Azure Account Security

[Biuwa]

Overview

We need additional security (password change) for the Azure account as discussed with the stakeholders.

Action Items

• Follow up with stakeholders on the security option discussed
• Alexander gets a second email account for server administration
• This is an issue that is blocking Migrate Application Insights to Workspace-based Application Insights #1258 (Feb 2024 deadline)

Resources/Instructions

• Hack for LA Lead Developers need access to the Azure Production Environment #1267
• Developer II needs access to City's Azure Account #1268

[Biuwa]

2023-04-04 STAKEHOLDER MEETING NOTES:

Alexander will convey a meeting between Leon and the HfLA Engineering team to discuss the Account setup and access to the city's Azure Account.

[entrotech]

We had a meeting today with Lon Soh, Alexander Wikstrom, Johnny Voong, Bonnie and myself. At the moment, the credentials stored in the "tdm shared vault with city" 1Password vault called "TDM Production Azure Account" uses the username ladot.tdm@lacity.org work, and are able to access the Production SQL Server virtual machine, SQL server database, and App Service - which is sufficient for us to support deployment to the production environment. However, that email is used for LADOT and City Planning communication with end users, and credentials for access to production environments are supposed to be associated with individual people (vs a generic service email), so we requested that two new email addresses be created, one for john.darragh@lacity.org and one for a fictitious user jacob.rodes@lacity.org for us to use, and to have these account granted access to the Azure portal.

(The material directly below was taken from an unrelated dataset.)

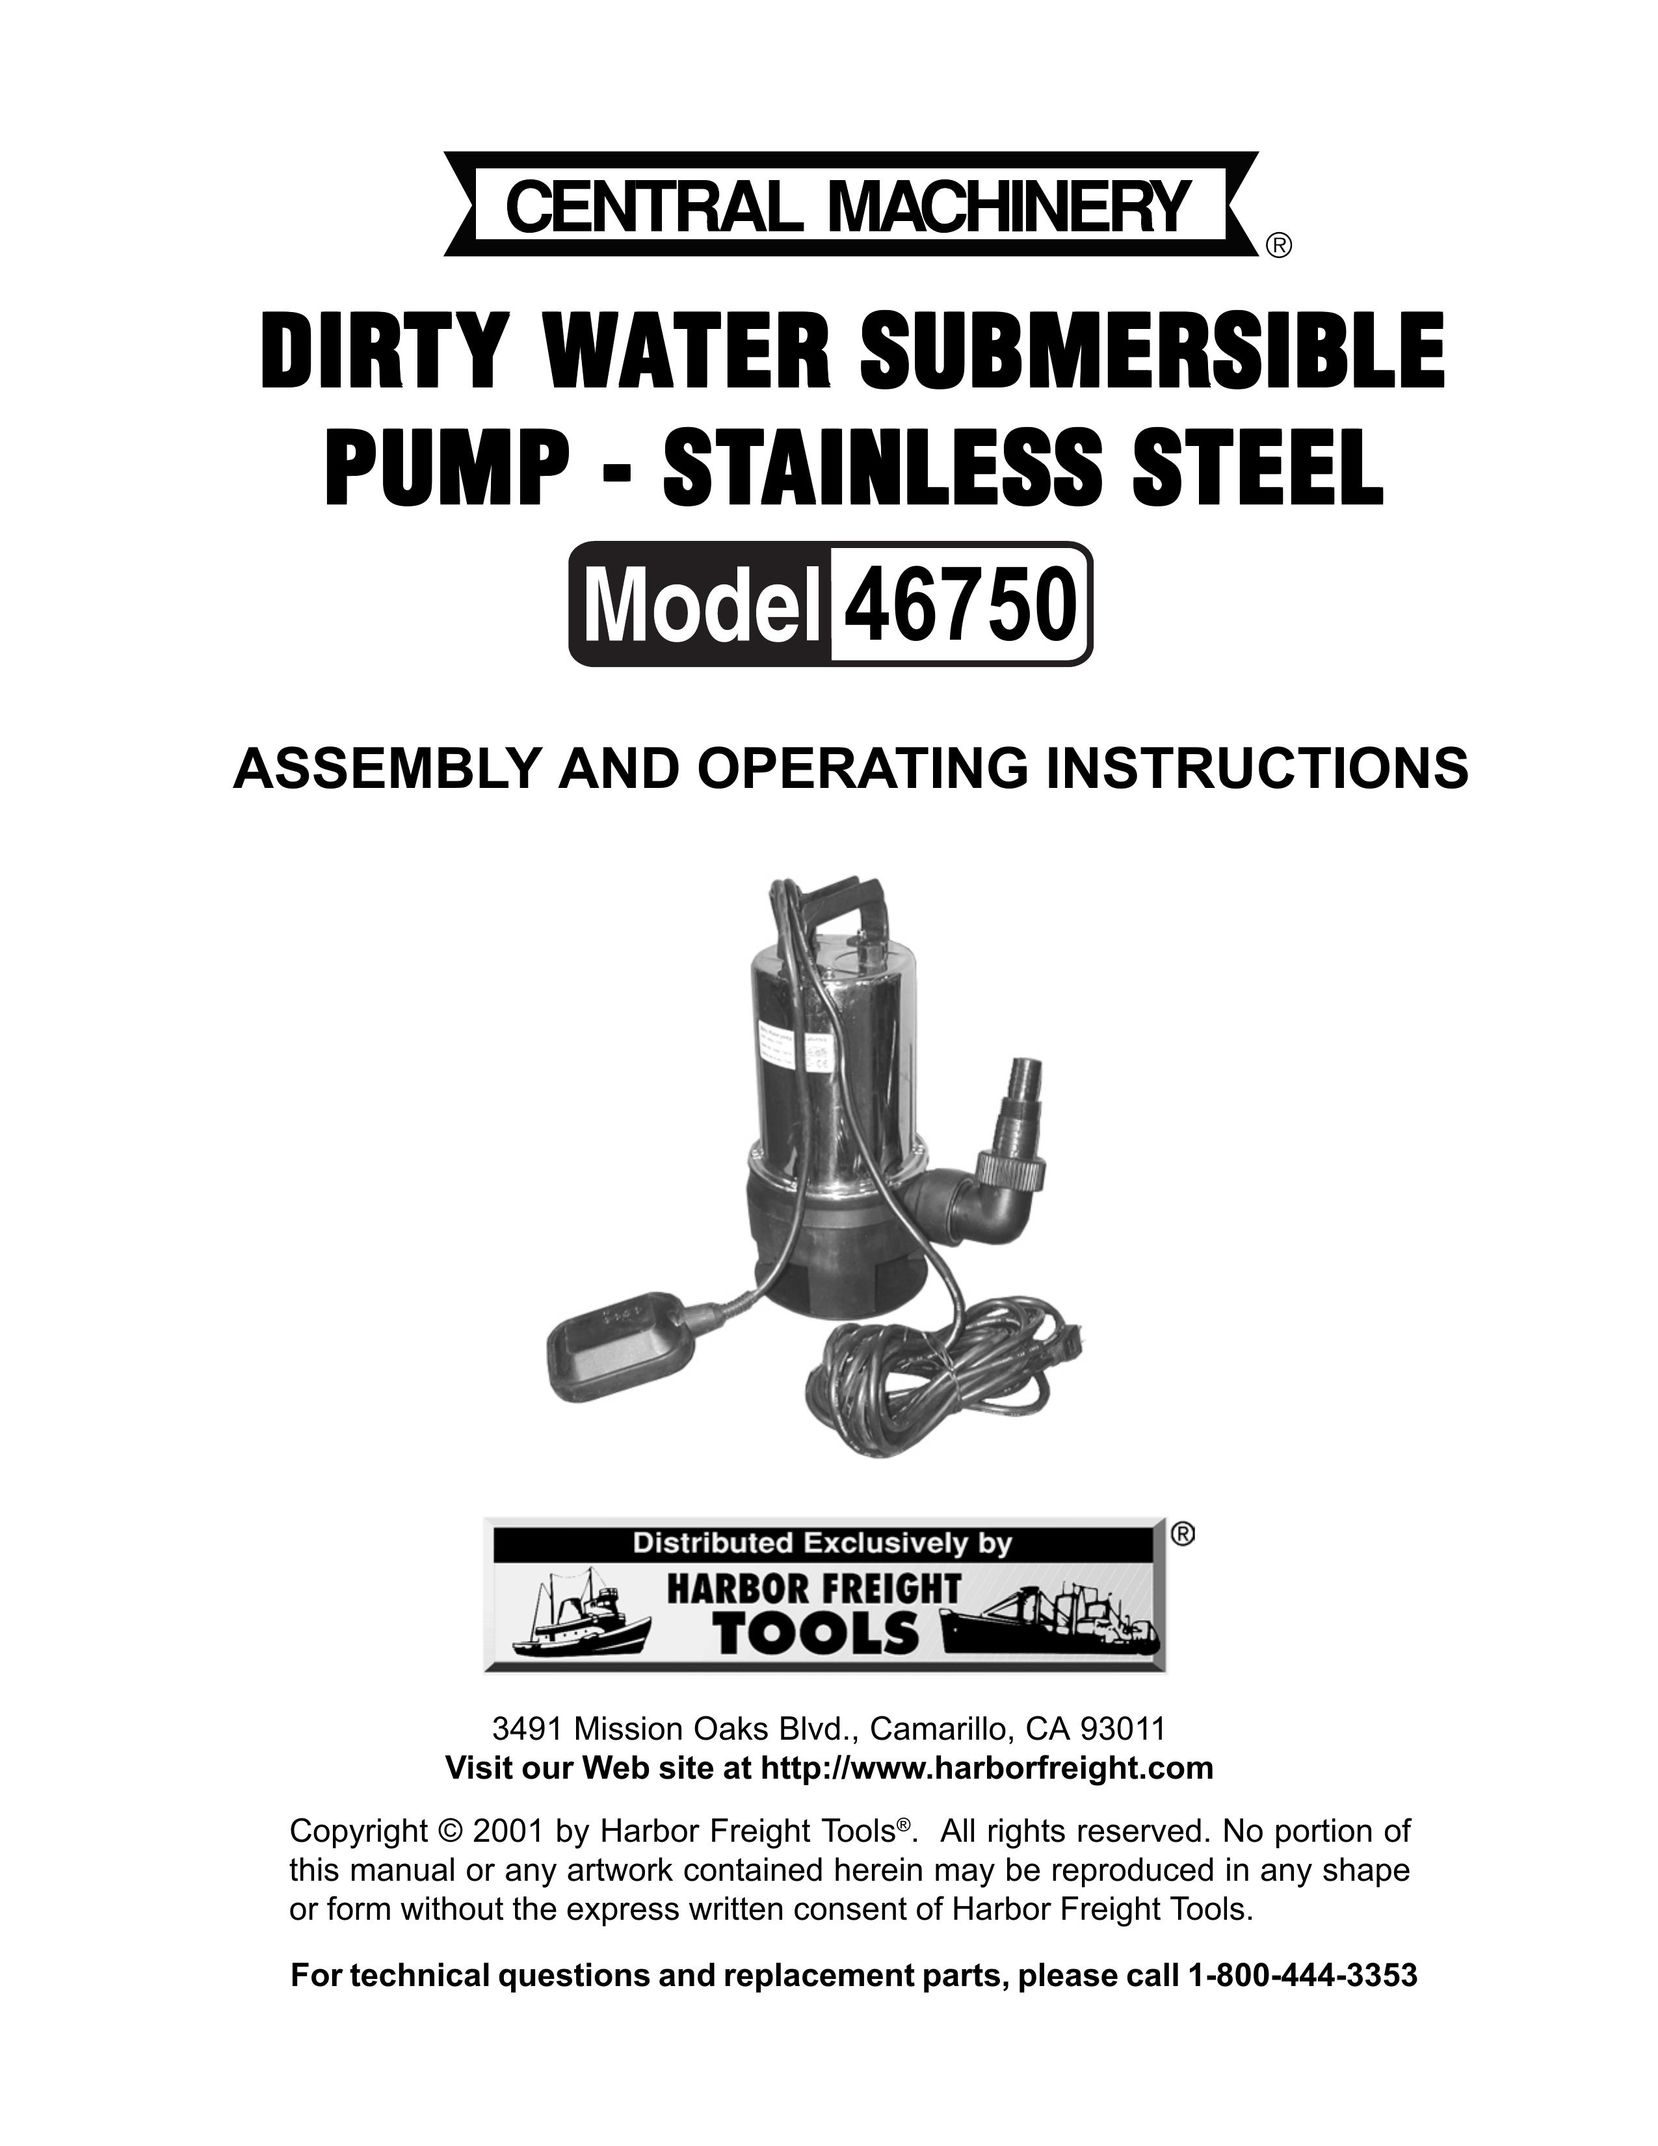 Harbor Freight Tools 46750 Water Pump User Manual
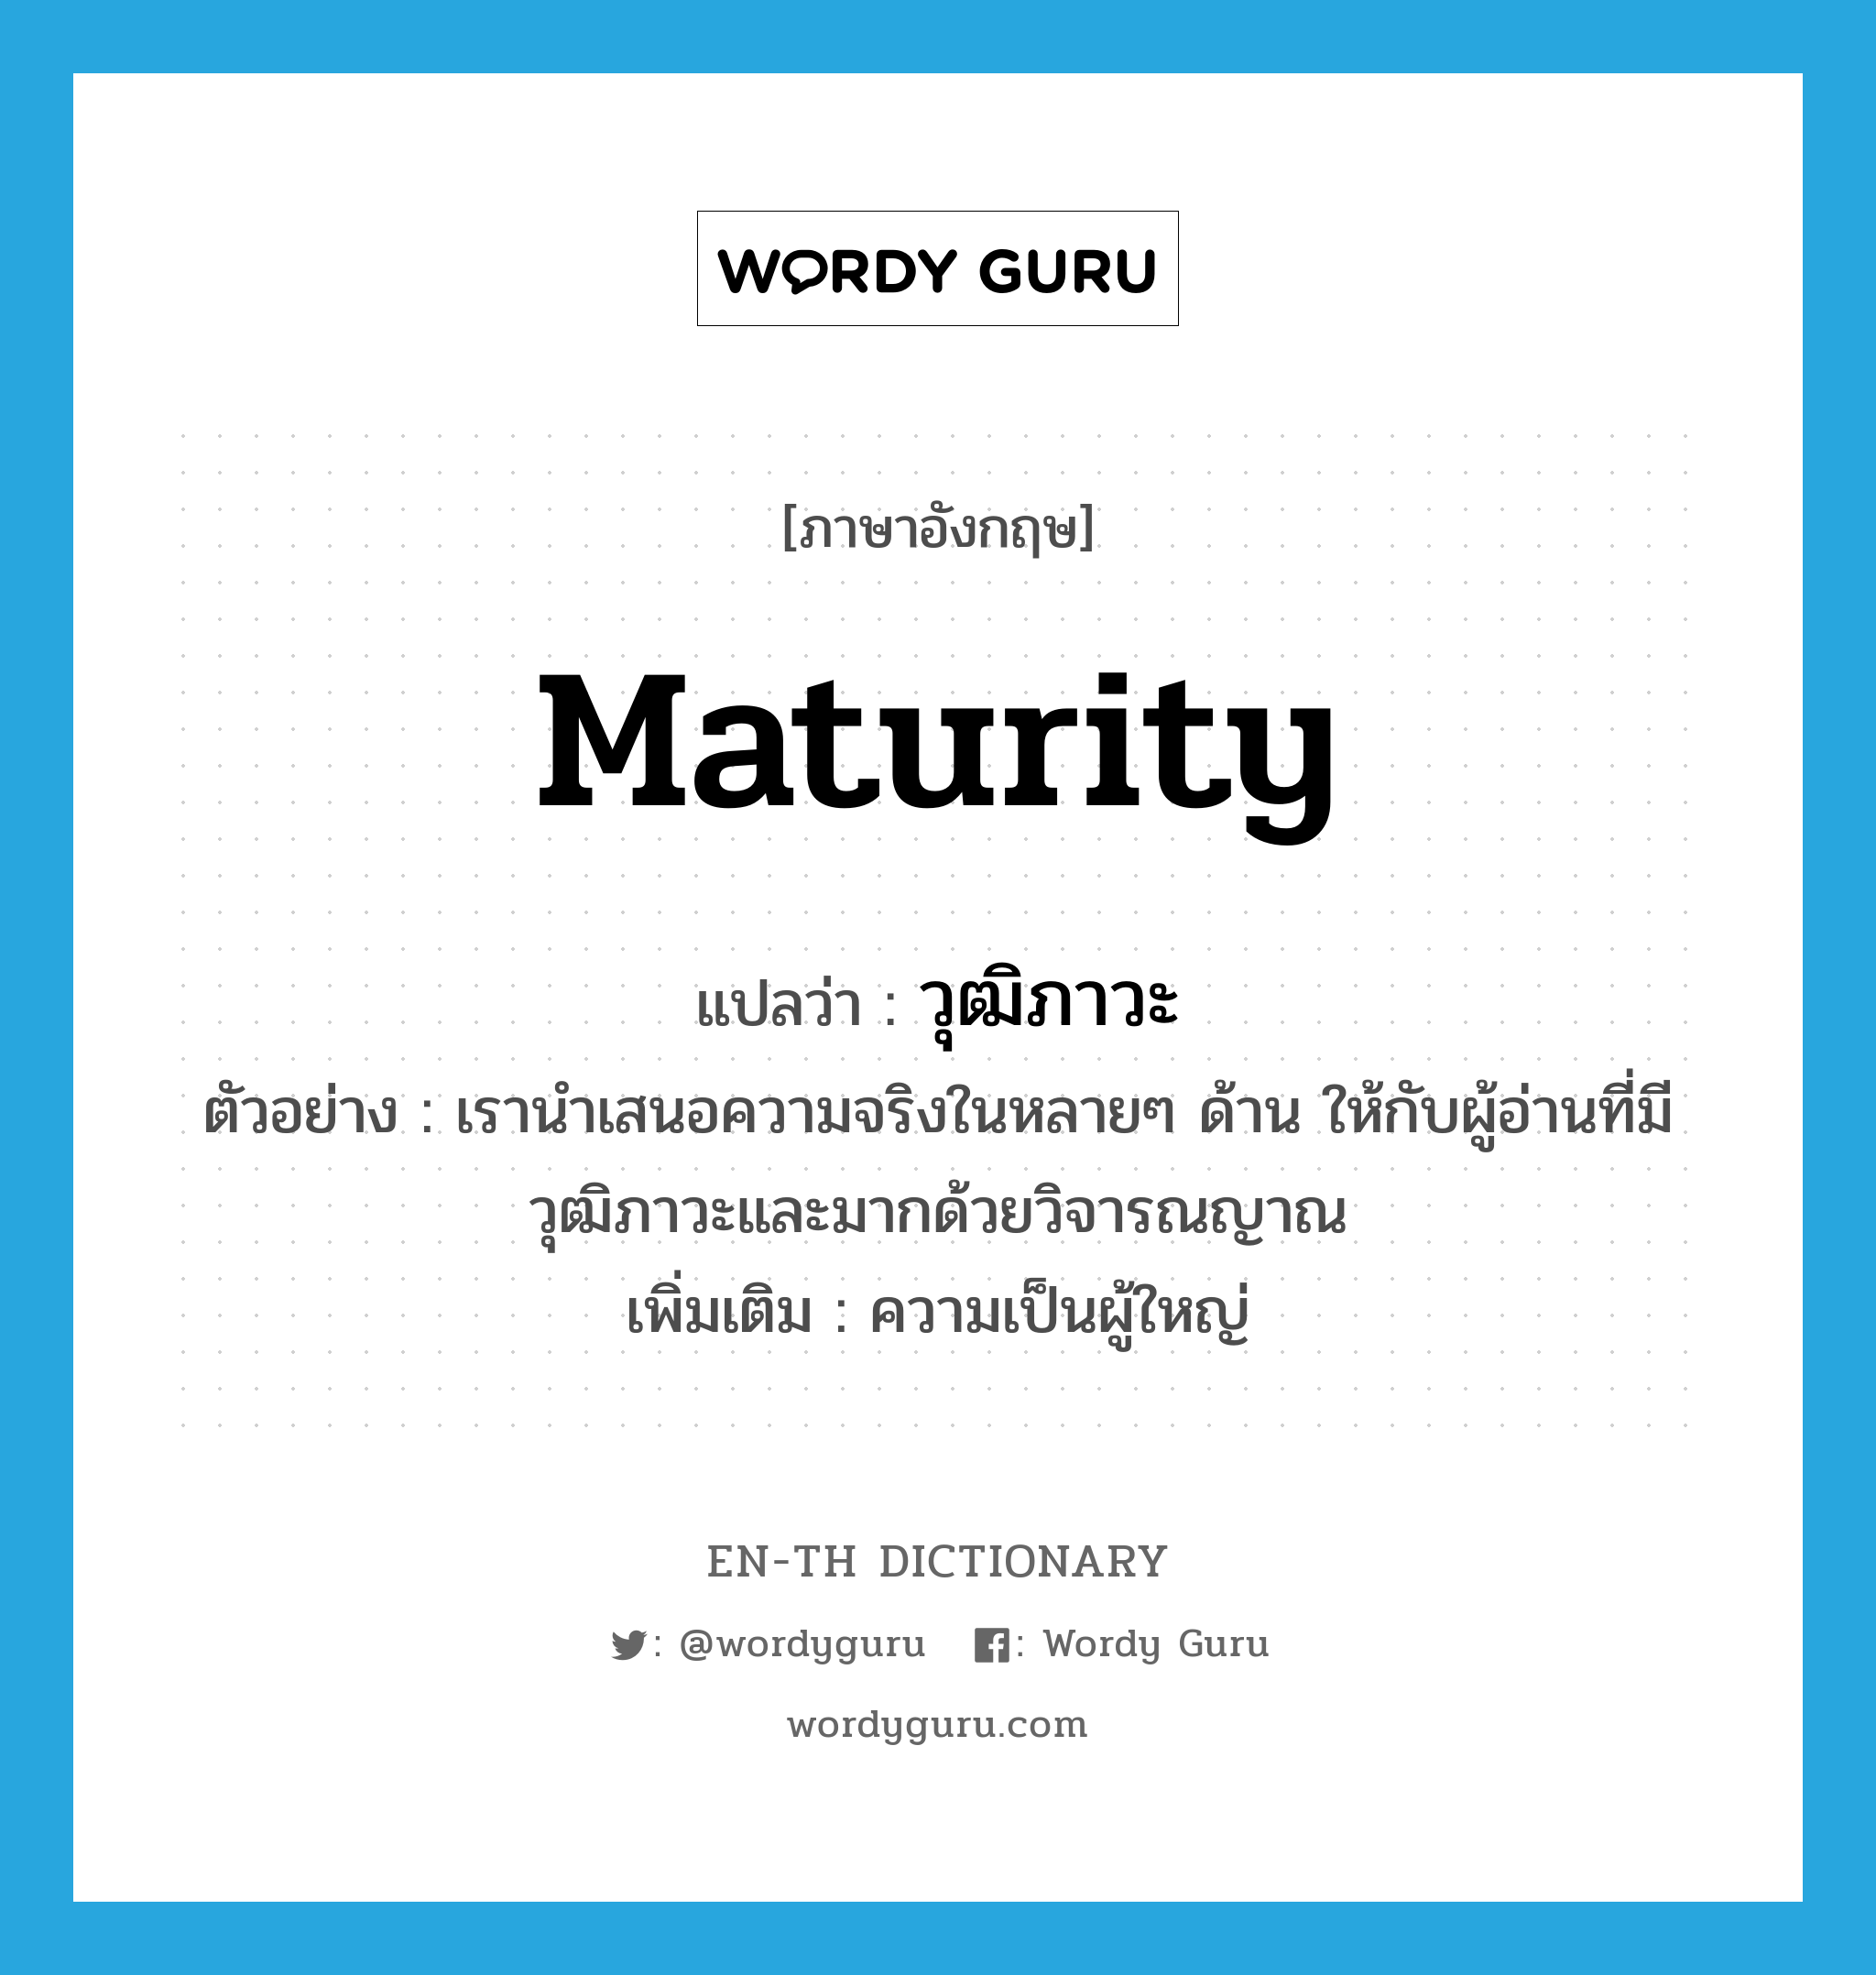 maturity แปลว่า?, คำศัพท์ภาษาอังกฤษ maturity แปลว่า วุฒิภาวะ ประเภท N ตัวอย่าง เรานำเสนอความจริงในหลายๆ ด้าน ให้กับผู้อ่านที่มีวุฒิภาวะและมากด้วยวิจารณญาณ เพิ่มเติม ความเป็นผู้ใหญ่ หมวด N

Previously they had granted access to a different account, tdm@hackforla.org to the TDM Azure resource groups, and that account had access to the UAT and Production account resources. Since that time, this account no longer has access to the production resources, but does have access to the UAT resources, though Lon thought the UAT resources had been decommissioned - however I am still able to access the UAT environment with these credentials.

I believe the action items coming from this meeting are:

• City personnel are to create two new email accounts: john.darragh@lacity.org and jacob.rodes@lacity.org and grant them access to the City's Azure portal and the production resources.
• Once these accounts are set up and verified to have the required access, the ladot.tdm@lacity account no longer needs Azure access and can be removed from Azure.
• The UAT environment is working, but no one seems to use it. We need to decide if we want to have a UAT environment at all.
• If so, city personnel are to re-create resources for the UAT environment as desired, and grant the two new accounts access to these resources as well, so HFLA personnel can re-create the UAT environment. If re-created we can either initialize with a copy of the production environment database, or a clean-empty database (with no user accounts or projects).

[Biuwa]

Two email accounts have been created.